Would You Eat Genetically Engineered Fish?

A few years ago, I wrote an article on salmon … here’s what I had to say about genetically engineered salmon in 2008:

Genetically engineered salmon are not on our dinner plates—yet. But there is a U.S. company, AquaBounty Technologies, that is aggressively pursuing the development of this fast-growing fish by injecting growth hormone genes into fertilized eggs.  According to researchers at Purdue University and The National Academy of Sciences, “transgenic fish pose considerable risk when released, or escapes, into the wild.” The FDA is currently reviewing the process of developing GE salmon and there have been bills introduced to both the Senate and the House seeking approval permits to raise and sell the fish.

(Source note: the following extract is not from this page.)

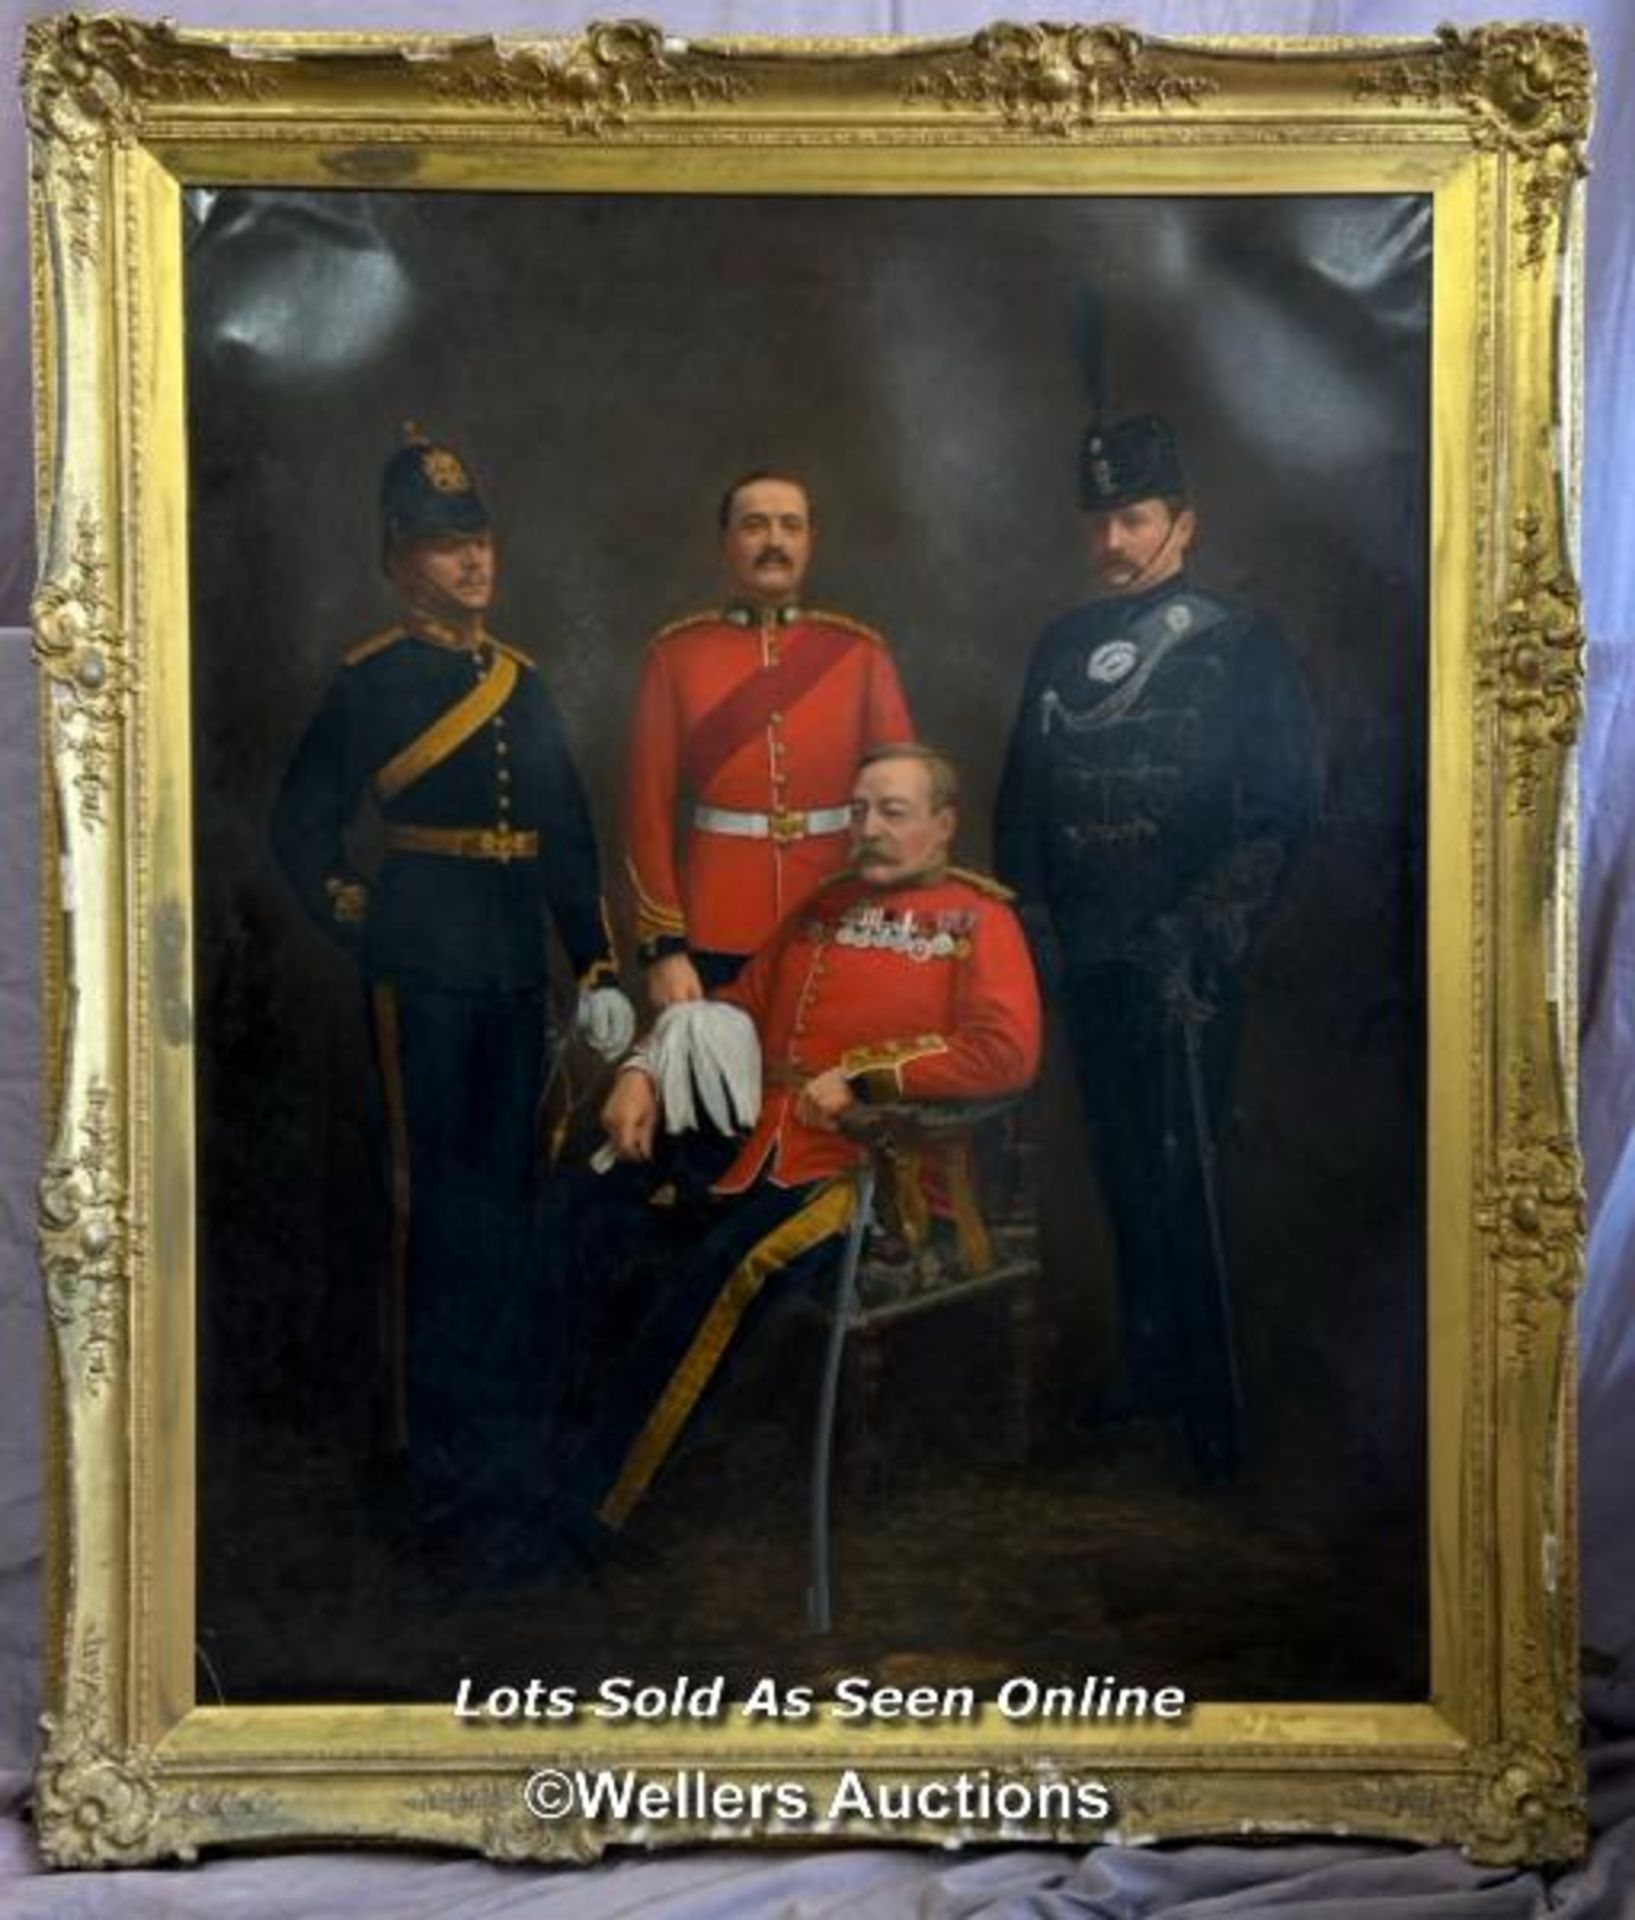 LARGE VICTORIAN OIL ON CANVAS PORTRAIT DEPICTING FOUR MILITARY OFFICERS (APPEARS TO BE FATHER AND

At the same time, there are a number of petitions being circulated throughout the restaurant and commercial fishing industry to halt the introduction of GE salmon into the marketplace. Bottom line, individual beliefs and personal preference for taste will determine whether or not you choose to purchase these super-fish which are expected to hit retail cold cases sometime this year or next.

Of course the super-fish never hit our supermarkets because the FDA wouldn’t approve the injectable hormone used to stimulate growth. (GE salmon grow 11 times faster than wild salmon and their farm-raised Atlantic counterparts take 28-36 months to mature; GE salmon, 18-20 months.)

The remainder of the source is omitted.